In pooled analyses of all datasets, we examined whether the chances of being a non-drinker increased greater by year for certain sub-groups, by conducting logistic regression on the odds of being a non-drinker versus drinker, modelling an interaction effect between each sub-group and year, adjusting for age and sex. These analyses were limited to variables that had information on all years; urban area, IMD, educational, employment, household social class, smoking status, limiting longstanding illness statuses which was dichotomised (BMI was not included due to a relatively high proportion of missing BMI measurements (14%)). In preliminary analyses, the interaction effect between broad ethnic groups (white vs. non-white) and year was significant (OR = 1.06 (95%CI 1.01–1.11) p = 0.03), suggesting that the odds of being a non-drinker have increased faster for the white than non-white population. However, in models there were large effect sizes, due to sparse data problems [26]. Therefore we limited these logistic regression models to white-participants only (N = 7934).

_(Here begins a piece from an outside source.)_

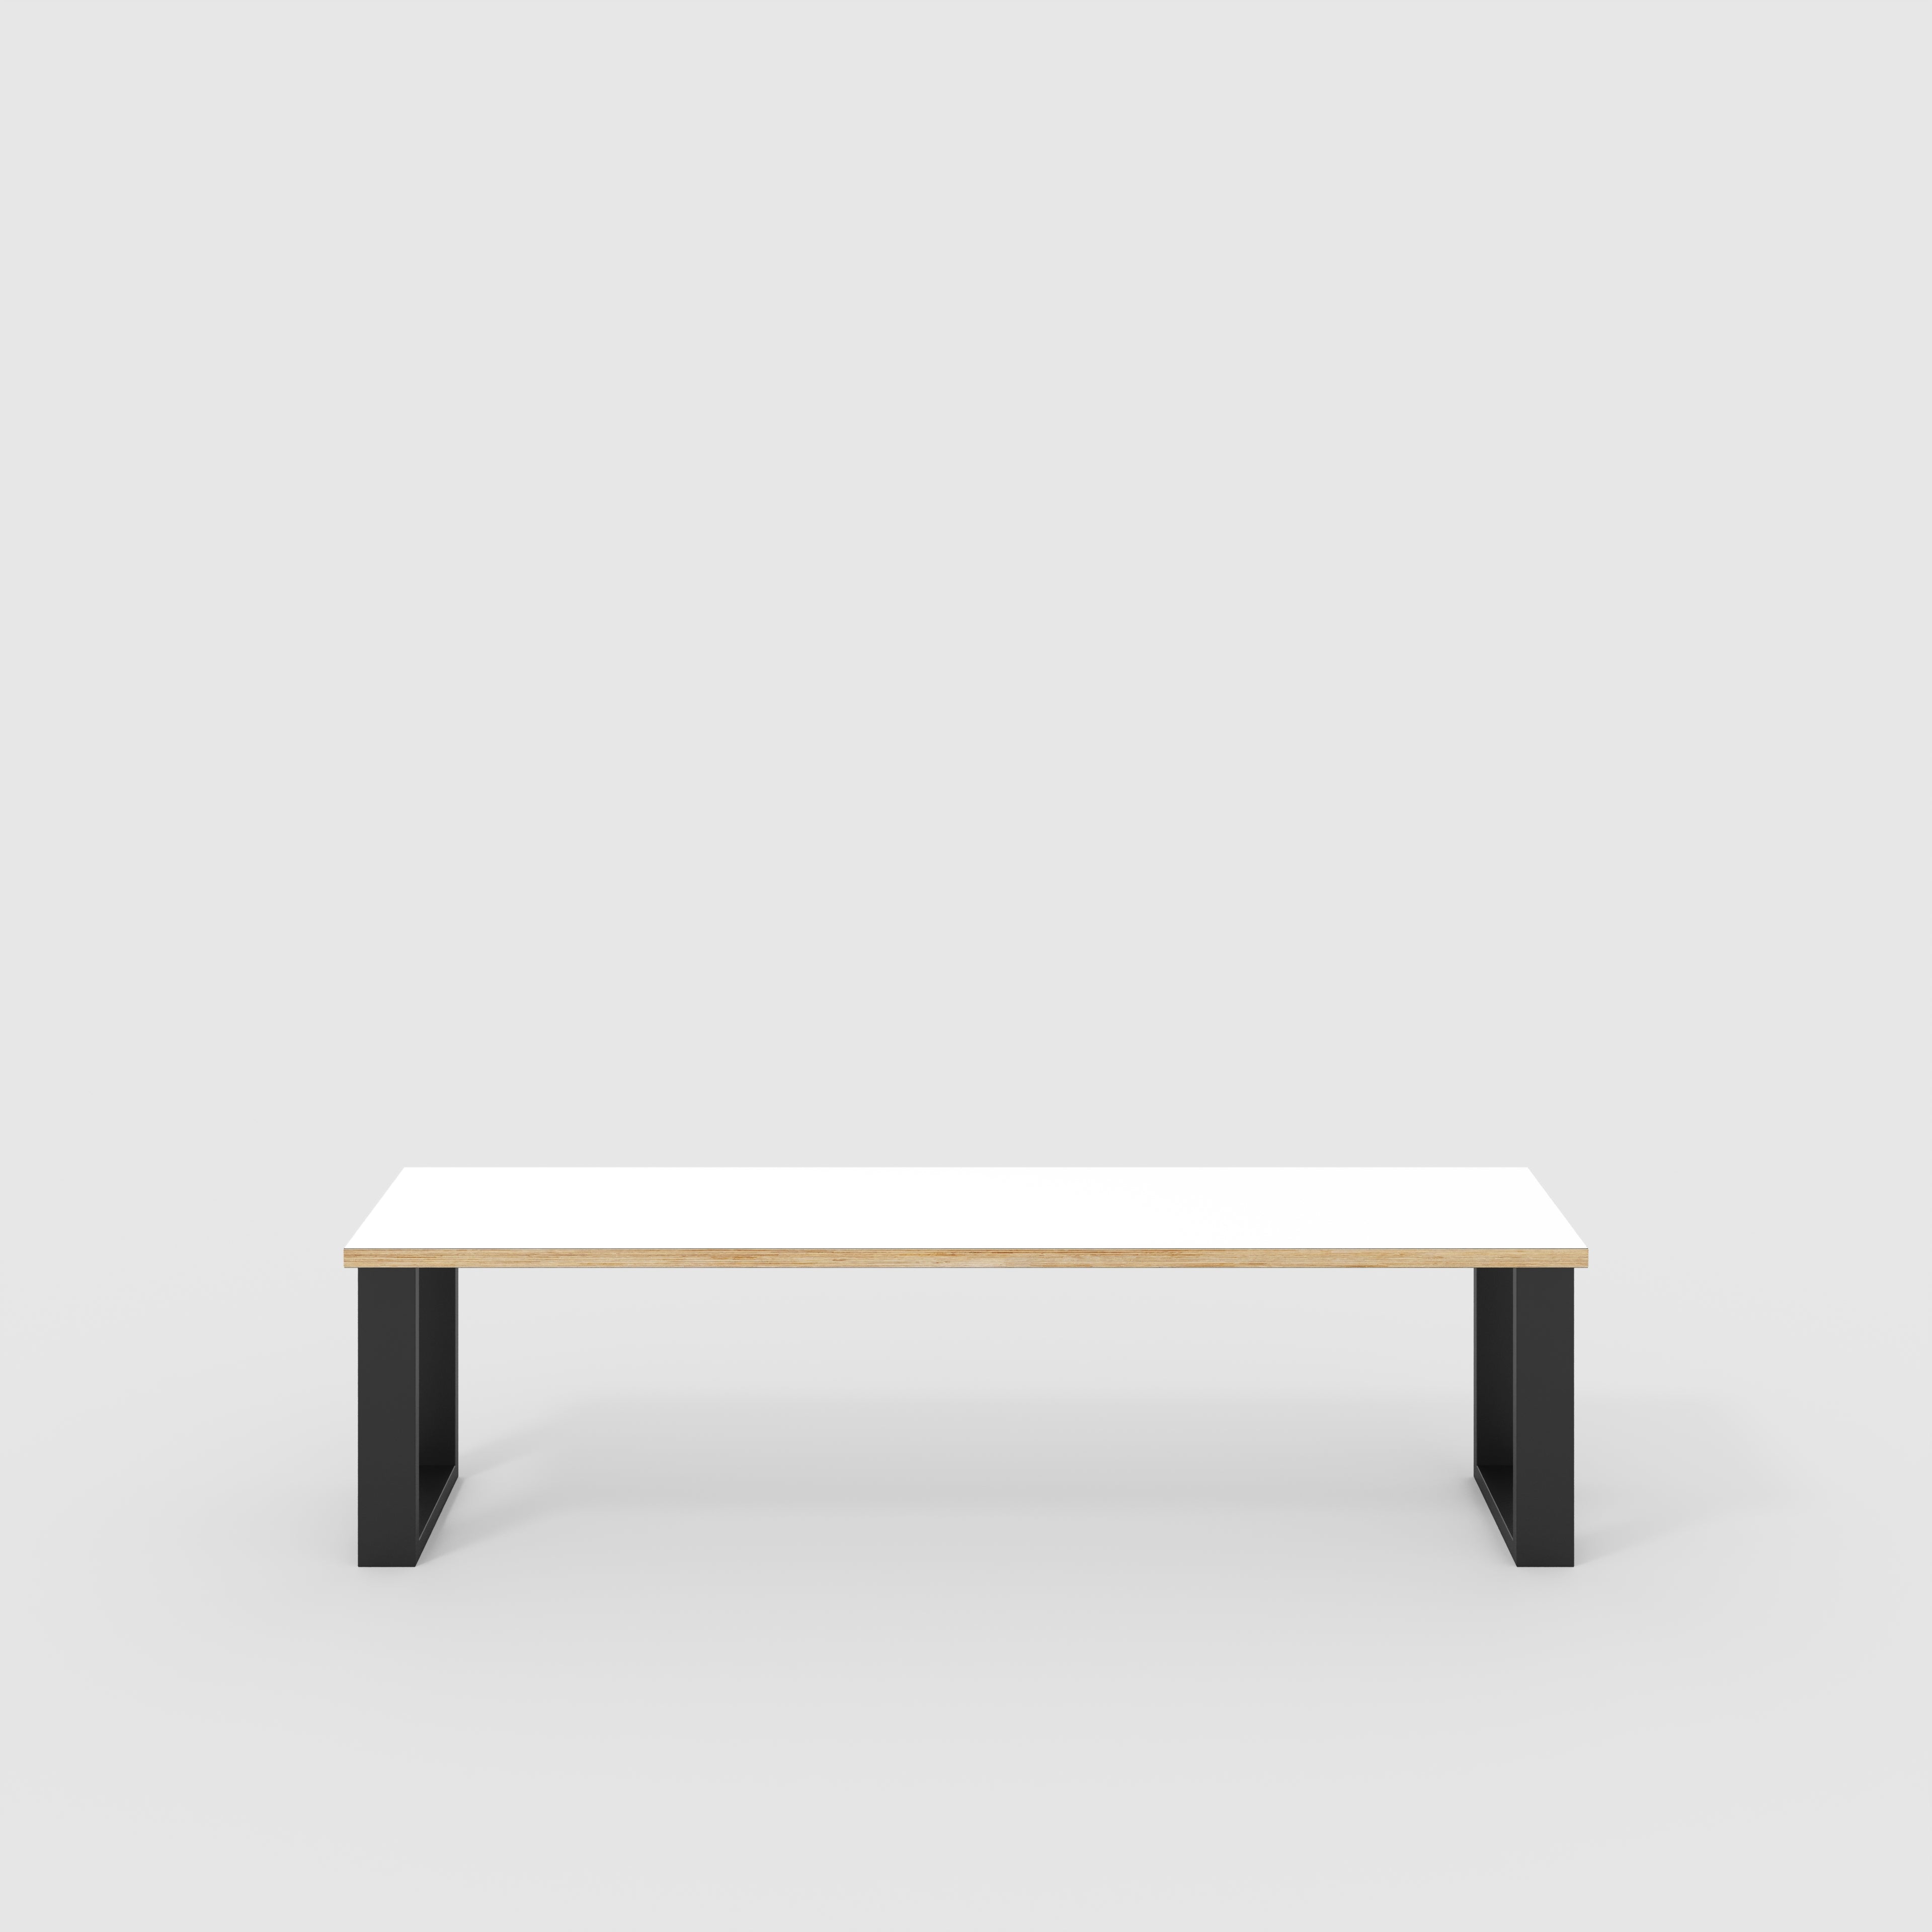 Bench Seat with Black Industrial Legs - Formica White - 1600(w) x 400(d)
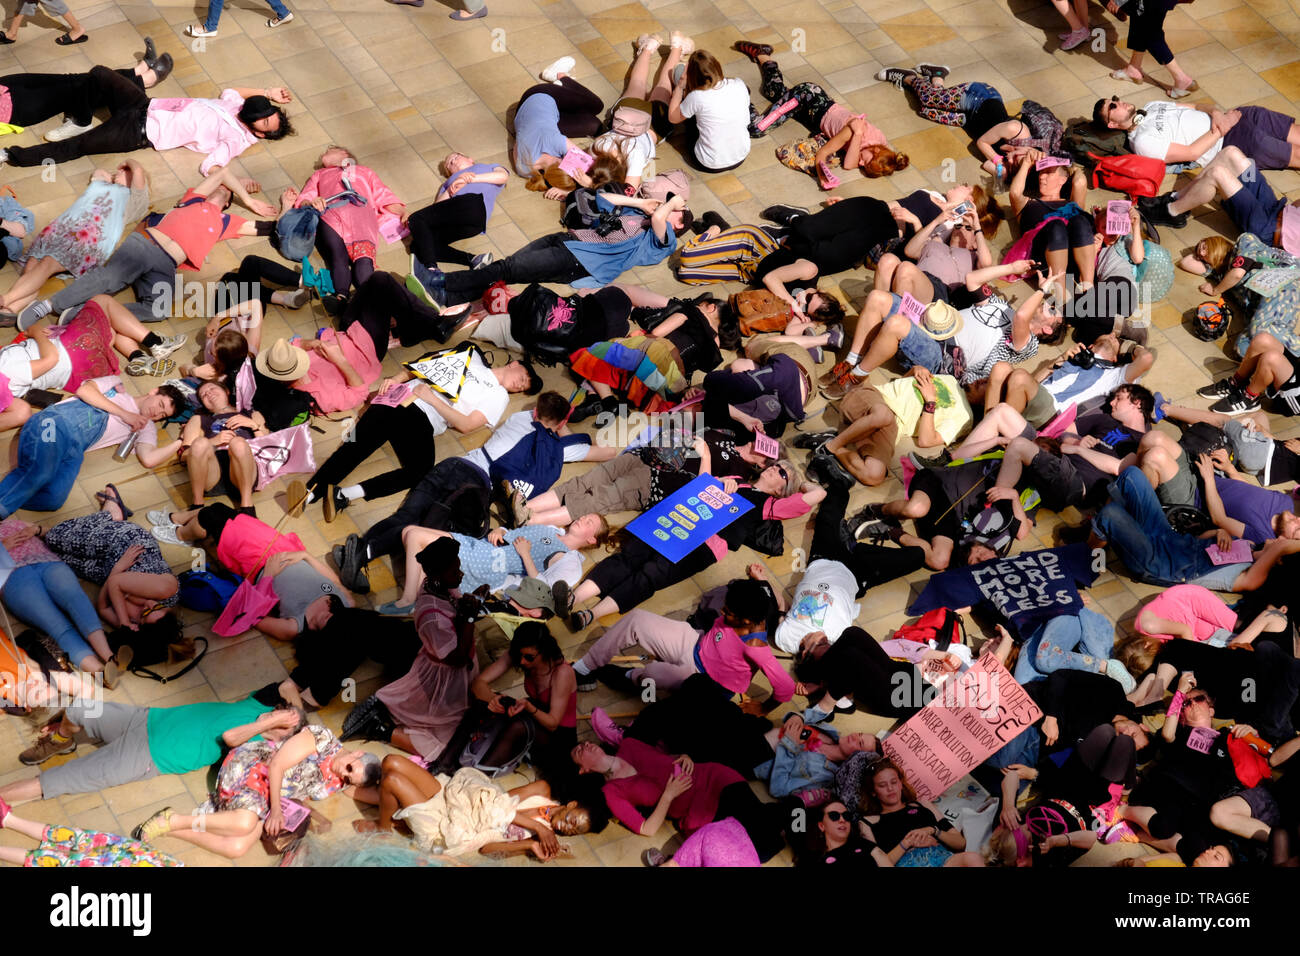 Bristol, UK, 1st June 2019. Campaigners from Extinction Rebellion are disrupting the Bristol shopping areas of Broadmead and Cabot circus to highlight the impact disposable fashion makes upon the environment. The campaigners are encouraging people to buy no new clothes for a year.  Credit: Mr Standfast/Alamy Live News Stock Photo

We examined whether increases in non-drinking were related to changes in drinking patterns among young people by undertaking ecological analyses. Spearman correlation co-efficient were calculated between the proportion of non-drinkers by year and the proportion binge drinking, and mean units consumed on the heaviest drinking day. Ordinary least squares regression analyses were used to test the strength and direction of the relationship between the proportion non-drinking (independent variable) and the proportion binge/mean units (dependent variable), over time. The relationship is illustrated using scatter diagrams. As a sensitivity analyses we also examined the relationship between the proportion of non-drinkers and the proportion binge drinking and mean units consumed on the heaviest drinking among drinkers only, which does not include the numbers of non-drinkers in its calculation.